Daily VideoAugust 12, 2014
Why we still need Freedom Schools, 50 years later
Half a century ago, students and local organizers banded together to fight to end segregation and discrimination against African-Americans in the United States.
In what became known as Freedom Summer, over 1,000 mostly-white, college-age volunteers flocked to Mississippi and joined local African-American leaders to register voters, and protest injustice, but they also created Freedom Schools in an attempt to correct education inequalities for children of color.
The Freedom Schools addressed topics that typically did not appear in the curricula of then-segregated schools, including black history and literature.
But 50 years later, there are still inequalities in the American education system.
“We still have an inferior education system for millions of children of color, and particularly if they’re poor,” said Marian Wright Edelman, president of the Children’s Defense Fund, which supports nearly 200 Freedom Schools around the country today.
Some students rely on Freedom Schools for food, according to Abimbola George, who served as project manager for the Omega Freedom School at Malcolm X Elementary school in Washington, D.C.
“It’s really hard to see, because you realize that, if it wasn’t for Freedom Schools, some of these children won’t have breakfast or lunch,” George said.
Originally located in churches and community centers, some of today’s Freedom Schools can be found in homeless shelters and juvenile detention centers. A disproportionate number of students in detention centers are black and Latino men, who are incarcerated in higher numbers than most other groups in the country.
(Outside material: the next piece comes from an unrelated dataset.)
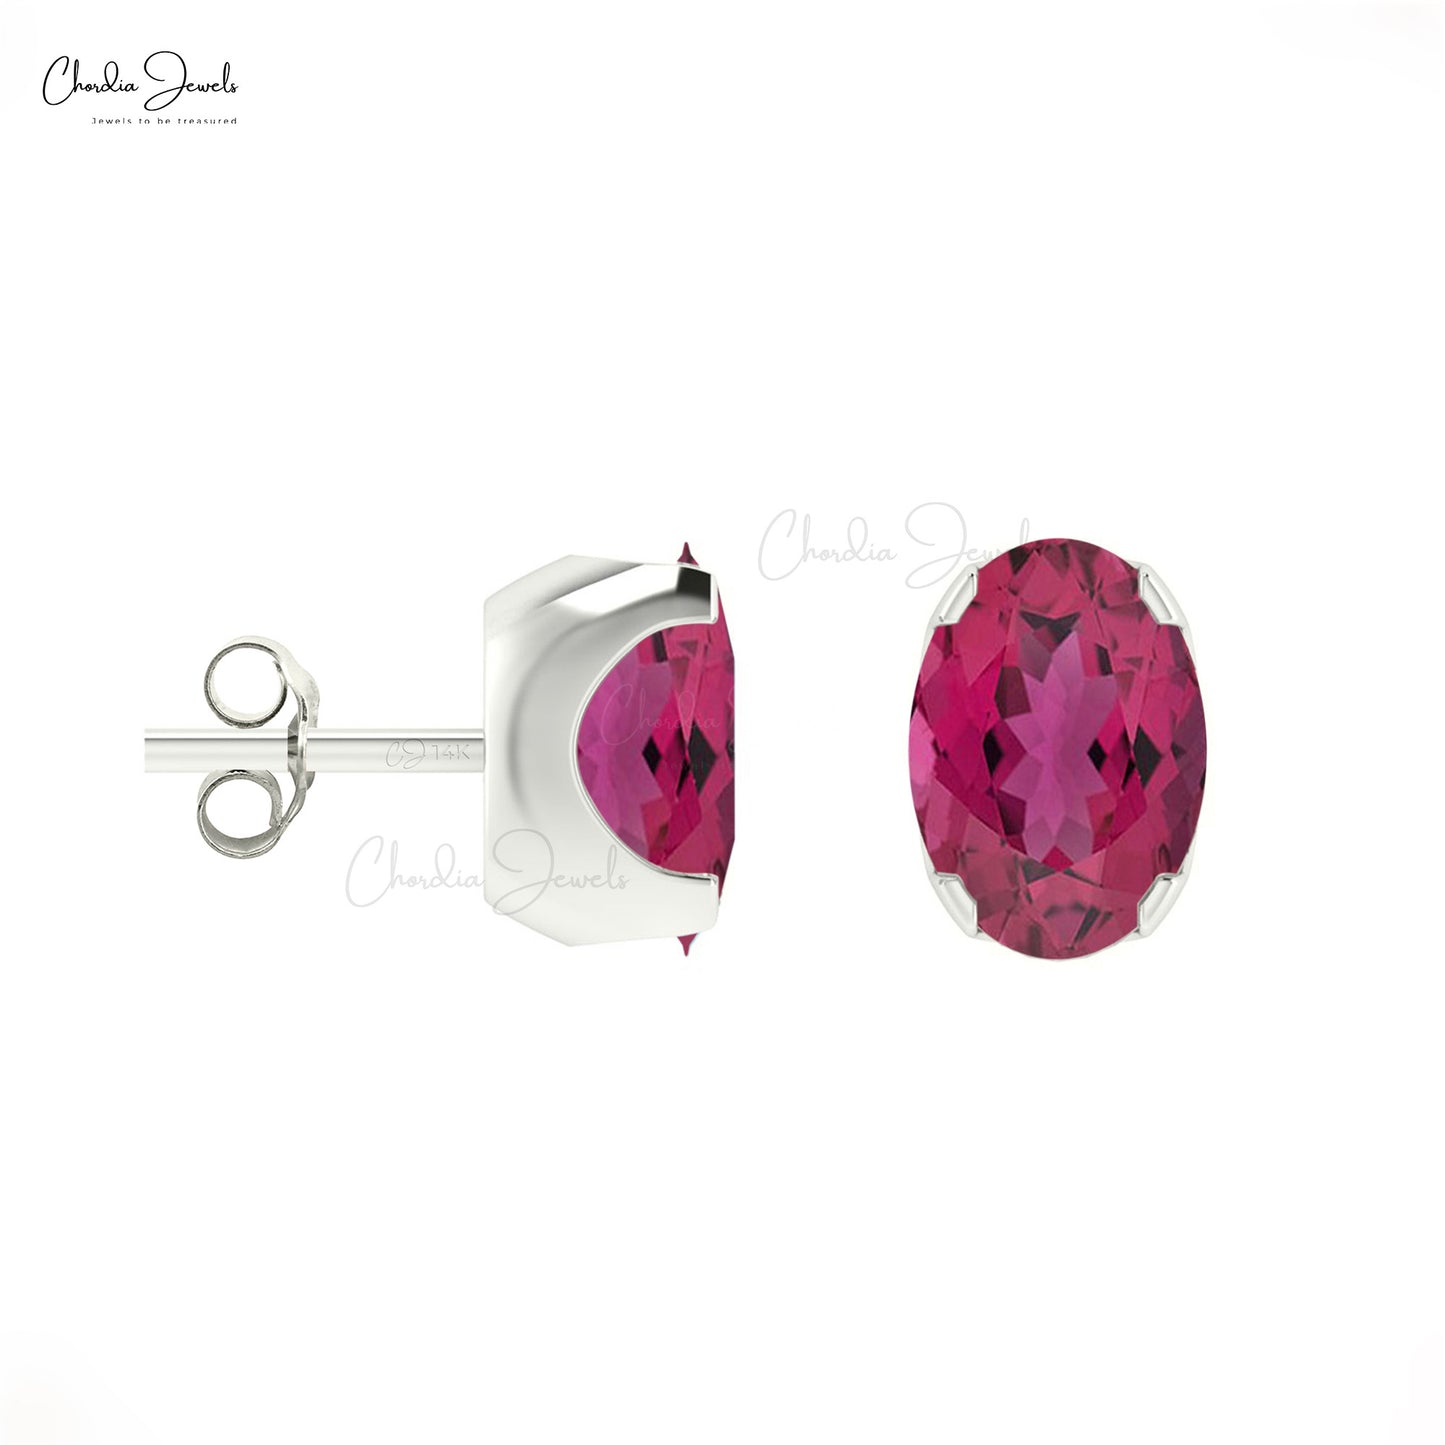 Load image into Gallery viewer, Genuine Pink Tourmaline Oval Cut Gemstone Studs Earring 14k Solid Gold Earrings For October Birthstone

The Children’s Defense Fund plans to build Freedom Schools next summer at historically black college campuses and on one of the original school sites.
Warm up questions
- What did the Civil Rights Act accomplish?
- What was Freedom Summer?
- Why is it important for history and literature classes to include many different perspectives?
- Many of the volunteers during Freedom Summer came from different backgrounds than the students they were serving. What sorts of challenges could this have created for both the volunteers and the students?